**TASK**
Transcribe the data underneath exactly. No images belong in your version.

──────── DATASET EXCERPT ────────

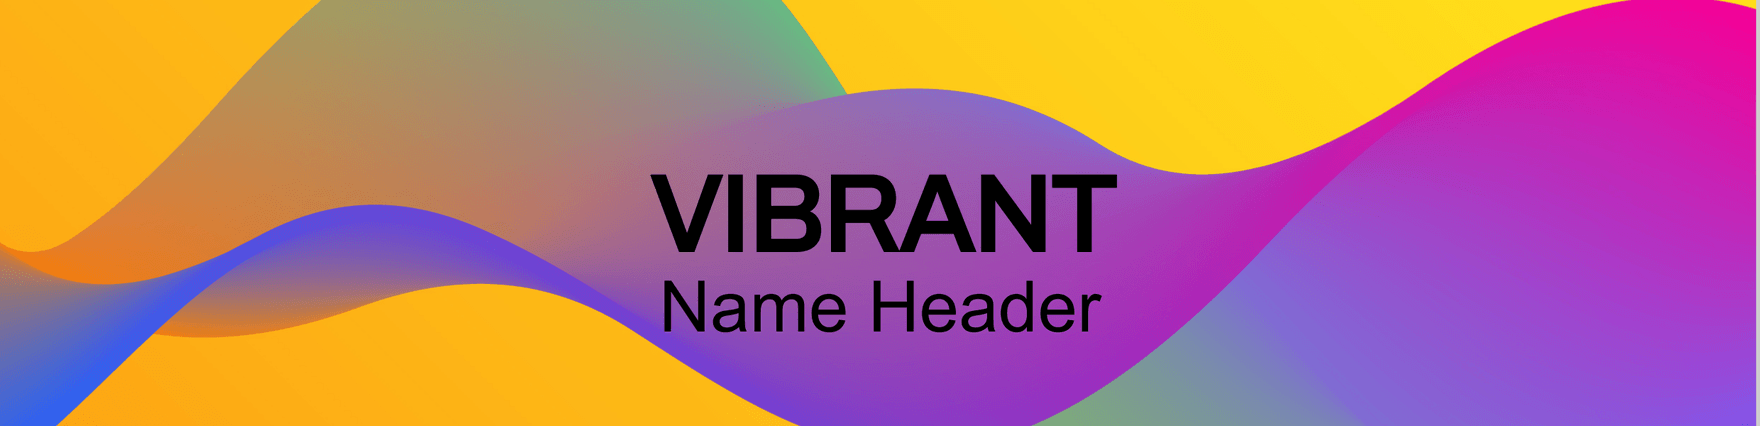 Vibrant Name Header
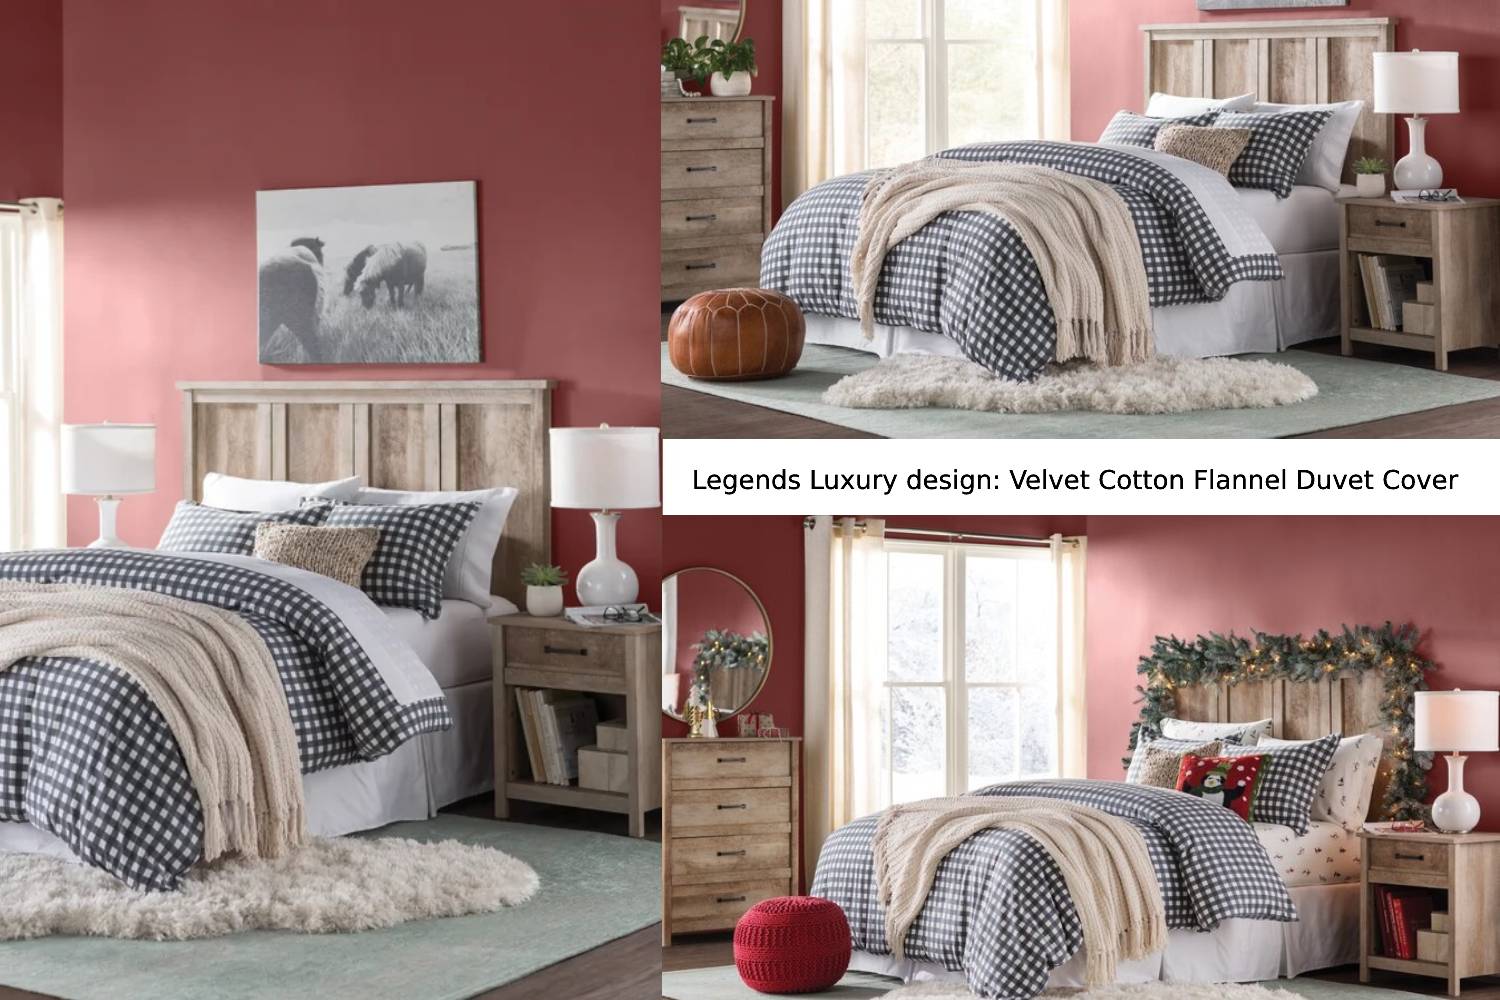 Legends Luxury design: Velvet Cotton Flannel Duvet Cover
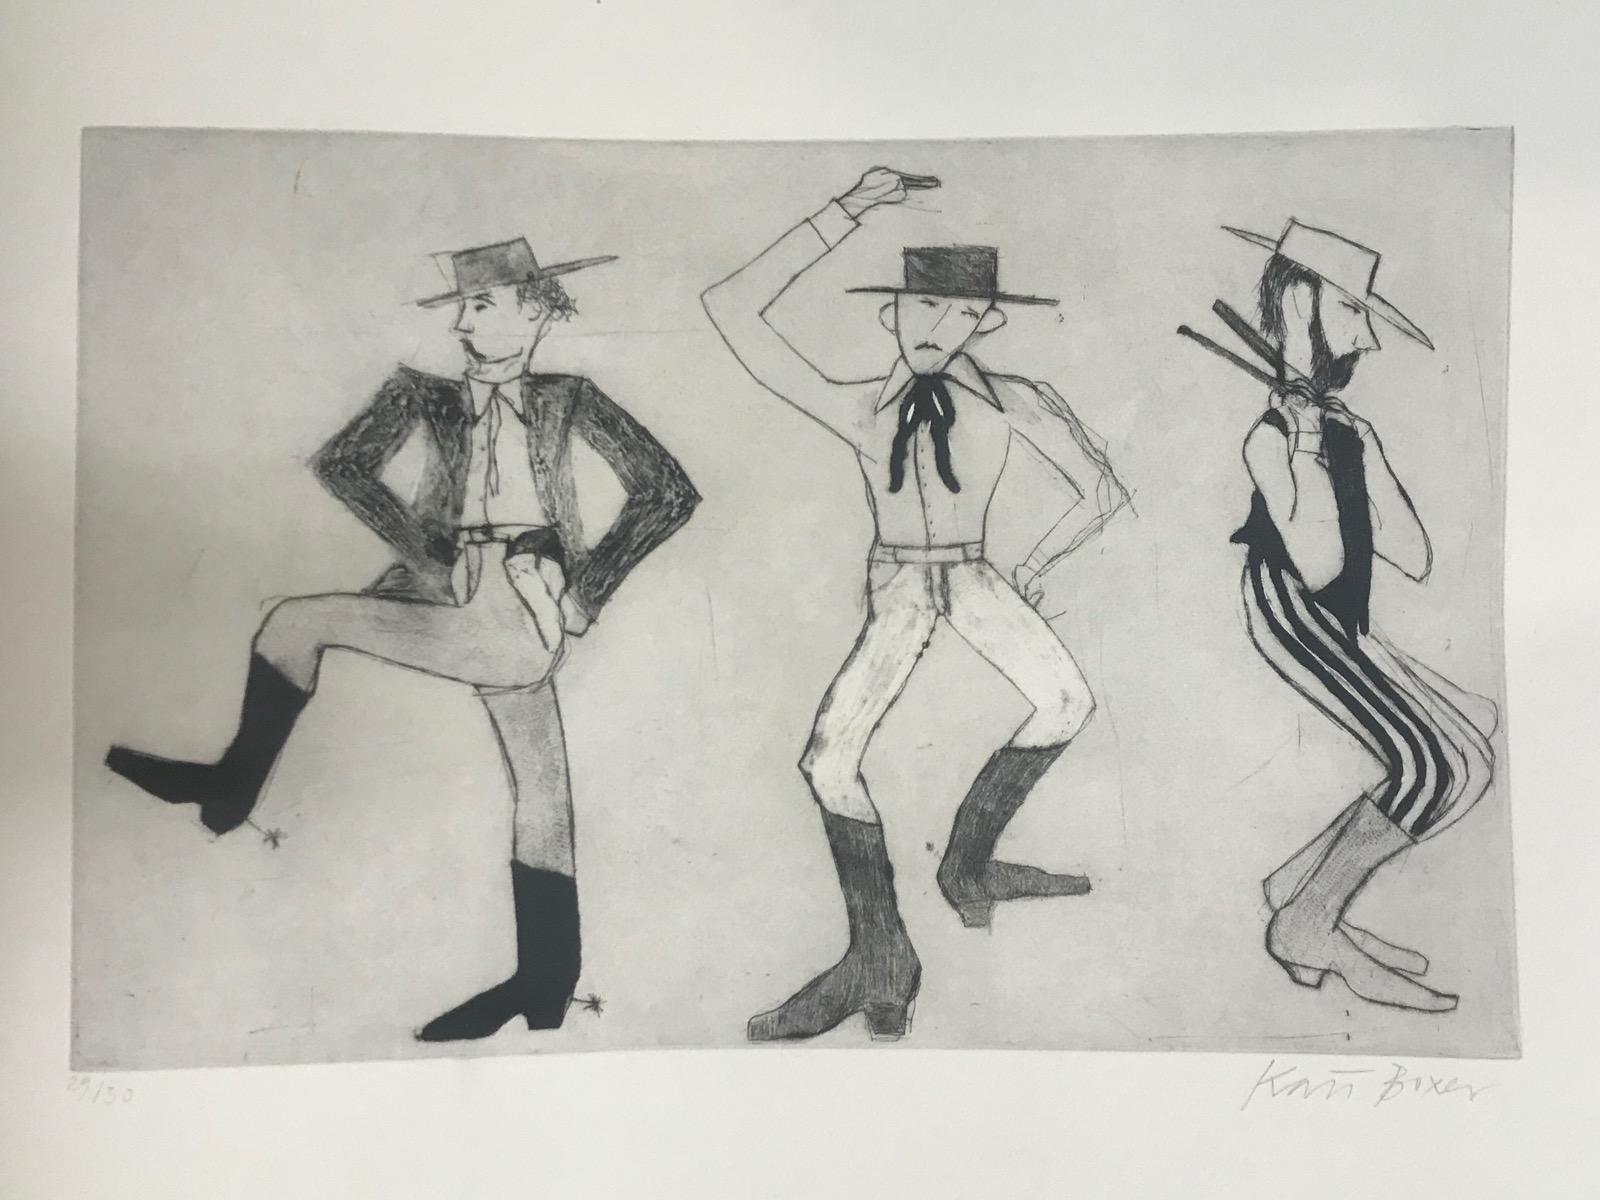 Cowboy Dancers, Tirage en édition limitée, Cowboy, Dancing, Tirage noir et blanc - Print de Kate Boxer 
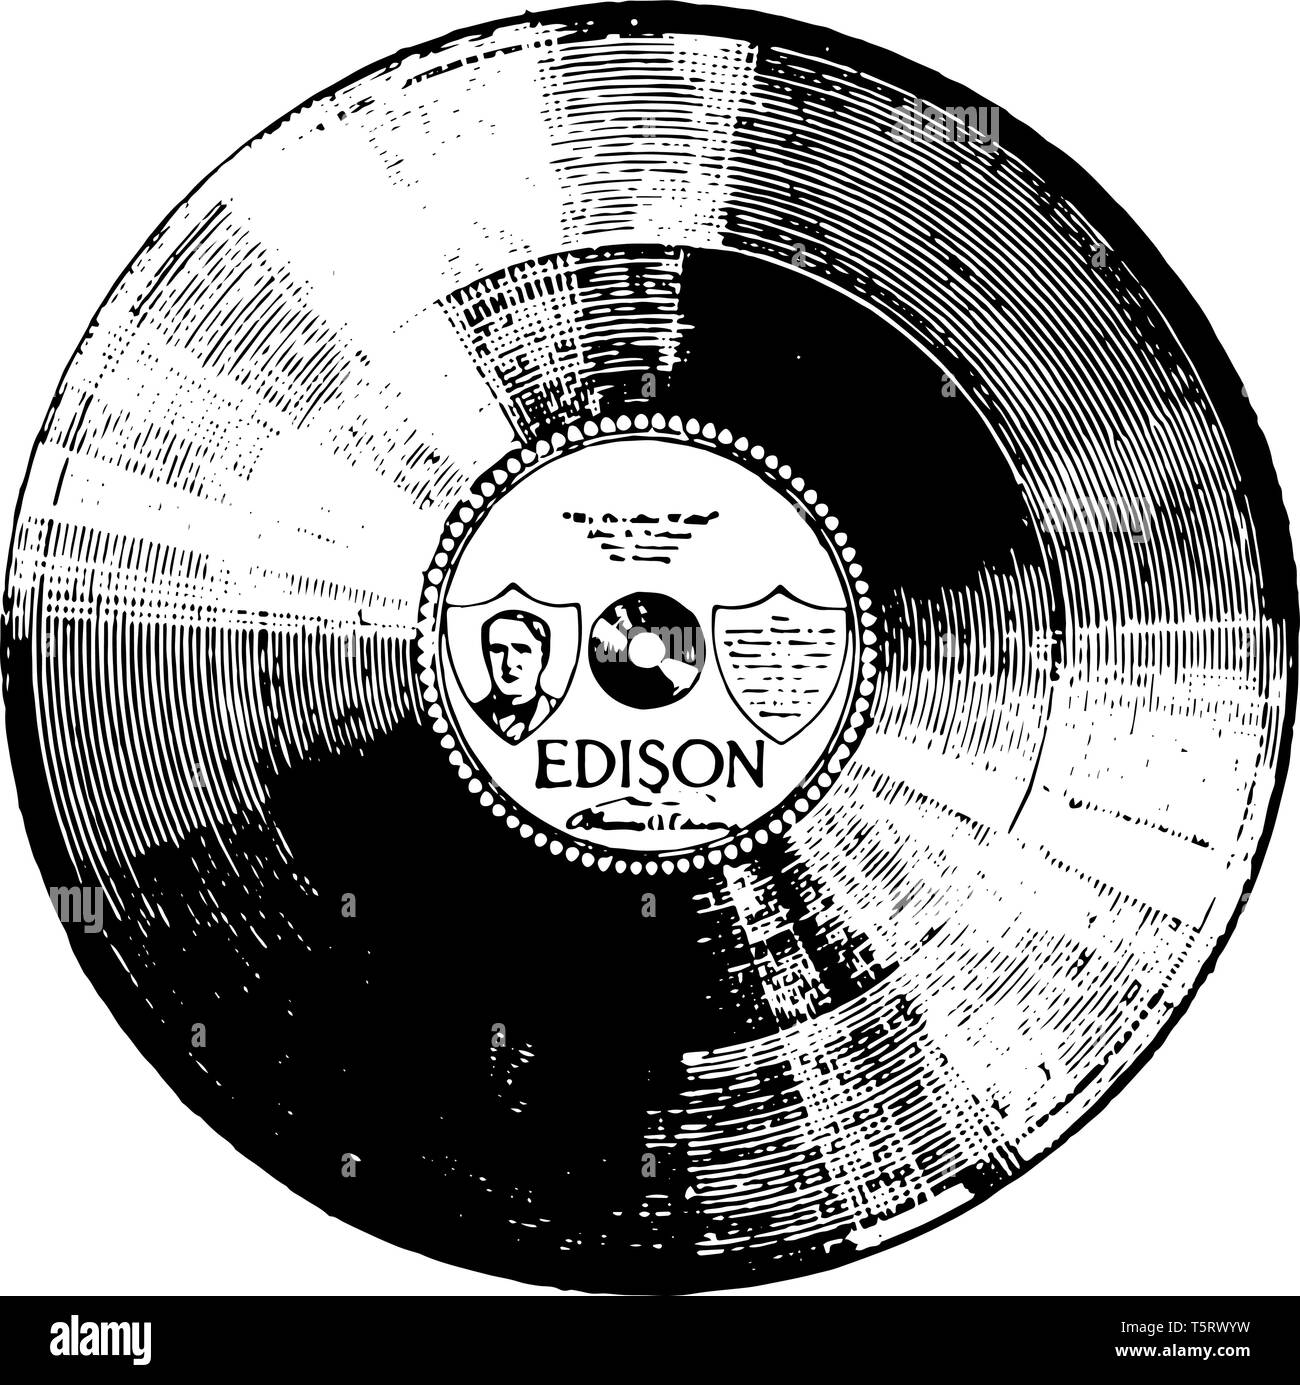 Festplatte Edison record ist eine Art von Phonograph record vermarktet von Thomas ein, vintage Strichzeichnung oder Gravur Abbildung. Stock Vektor

────────

**ANSWER SECTION**
 Vibrant Name Header
 Legends Luxury design: Velvet Cotton Flannel Duvet Cover
 Cowboy Dancers, Tirage en édition limitée, Cowboy, Dancing, Tirage noir et blanc - Print de Kate Boxer 
 Festplatte Edison record ist eine Art von Phonograph record vermarktet von Thomas ein, vintage Strichzeichnung oder Gravur Abbildung. Stock Vektor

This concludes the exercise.